Abstract:The tremendous success of deep learning for imaging applications has resulted in numerous beneficial advances. Unfortunately, this success has also been a catalyst for malicious uses such as photo-realistic face swapping of parties without consent. Transferring one person's face from a source image to a target image of another person, while keeping the image photo-realistic overall has become increasingly easy and automatic, even for individuals without much knowledge of image processing. In this study, we use deep transfer learning for face swapping detection, showing true positive rates >96% with very few false alarms. Distinguished from existing methods that only provide detection accuracy, we also provide uncertainty for each prediction, which is critical for trust in the deployment of such detection systems. Moreover, we provide a comparison to human subjects. To capture human recognition performance, we build a website to collect pairwise comparisons of images from human subjects.

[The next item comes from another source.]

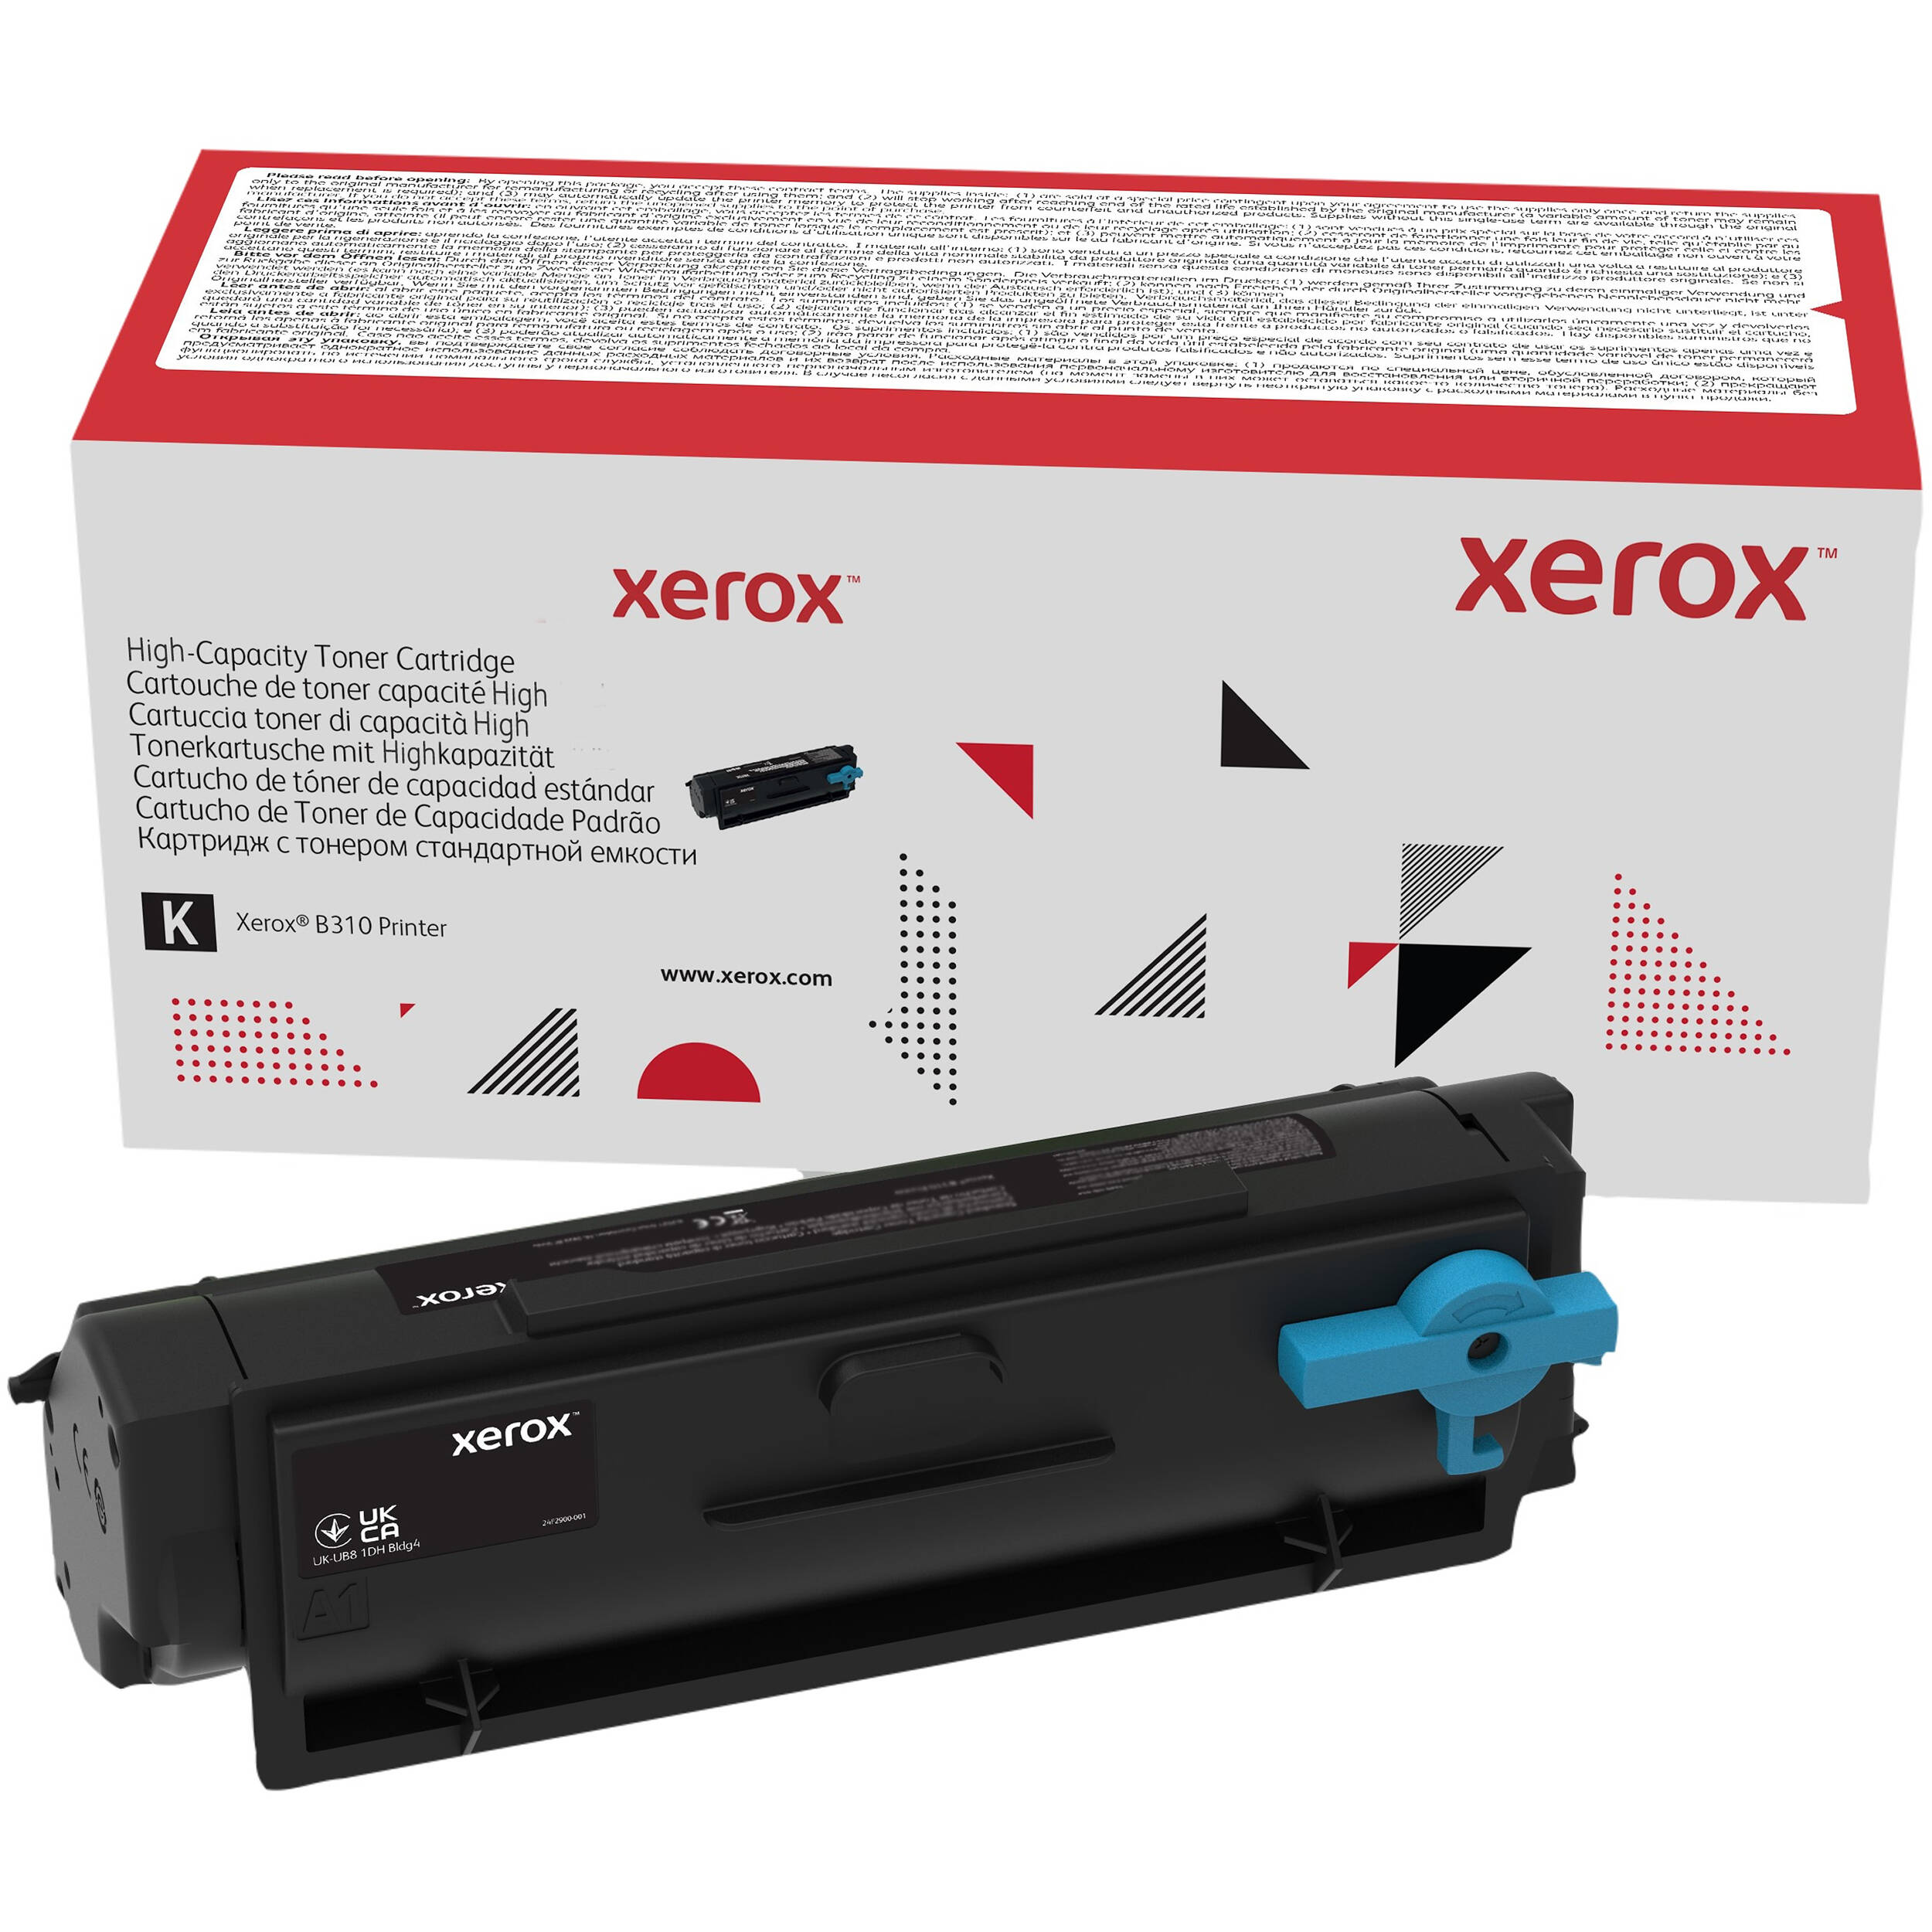 Absolute Toner Genuine Xerox 006R04377 Black High Yield Toner Cartridge (8,000 pages) Original Xerox Cartridges
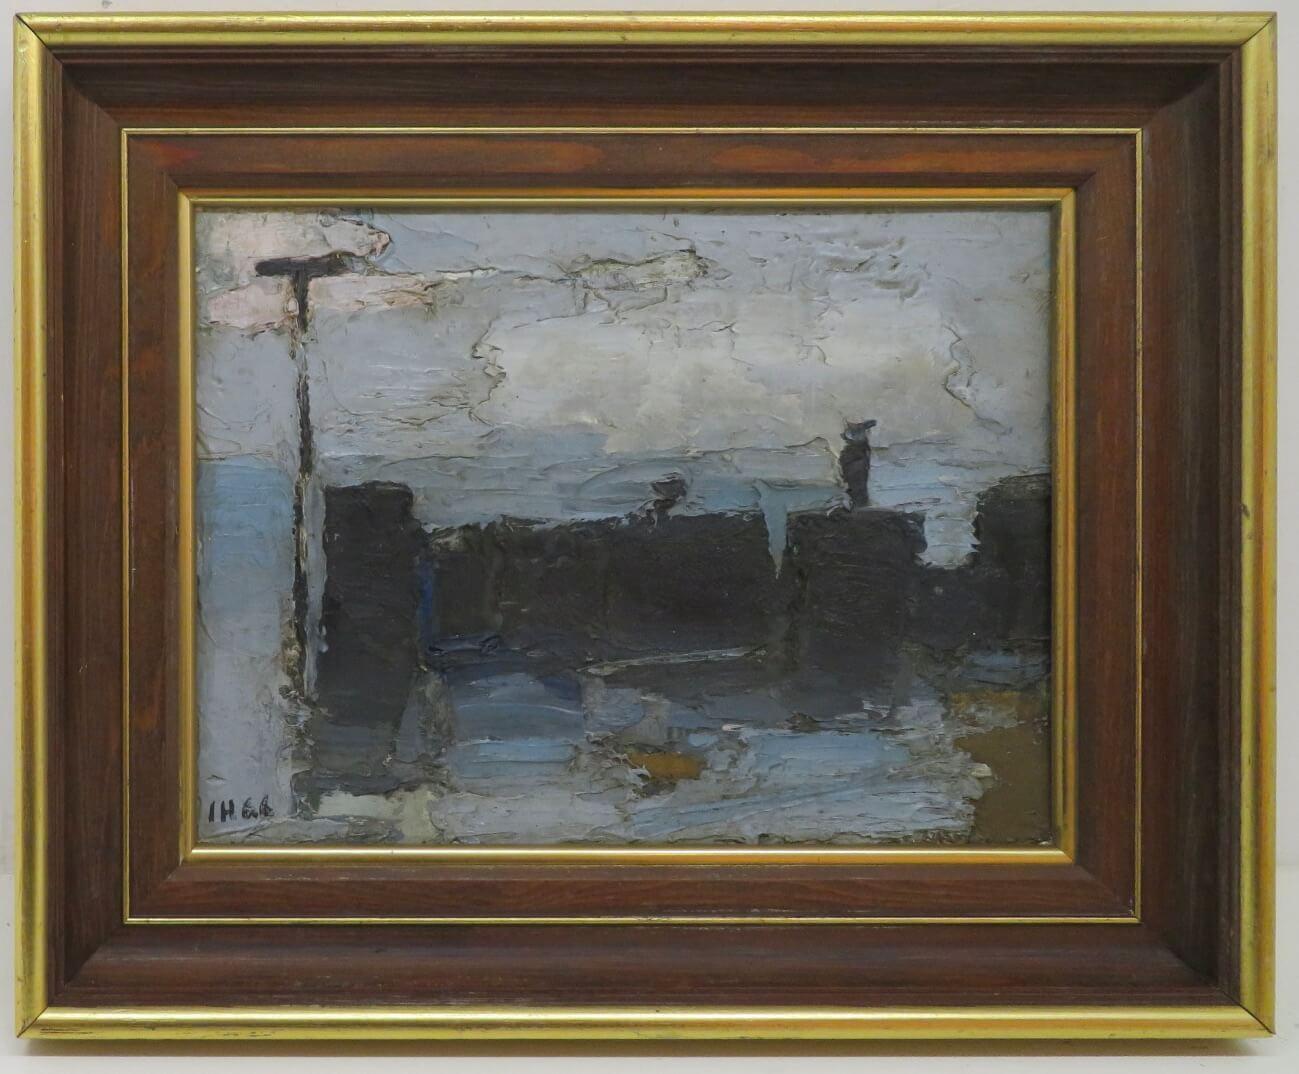 Ian Hay Landscape Painting - 1970's English Post Impressionist impasto oil painting BEACH SCENE ESSEX signed

Based on these comparisons, images are ranked from most real to most fake. We compare this ranking to the outputs from our automatic model, showing good, but imperfect, correspondence with linear correlations >0.75. Overall, the results show the effectiveness of our method. As part of this study, we create a novel, publicly available dataset that is, to the best of our knowledge, the largest public swapped face dataset created using still images. Our goal of this study is to inspire more research in the field of image forensics through the creation of a public dataset and initial analysis.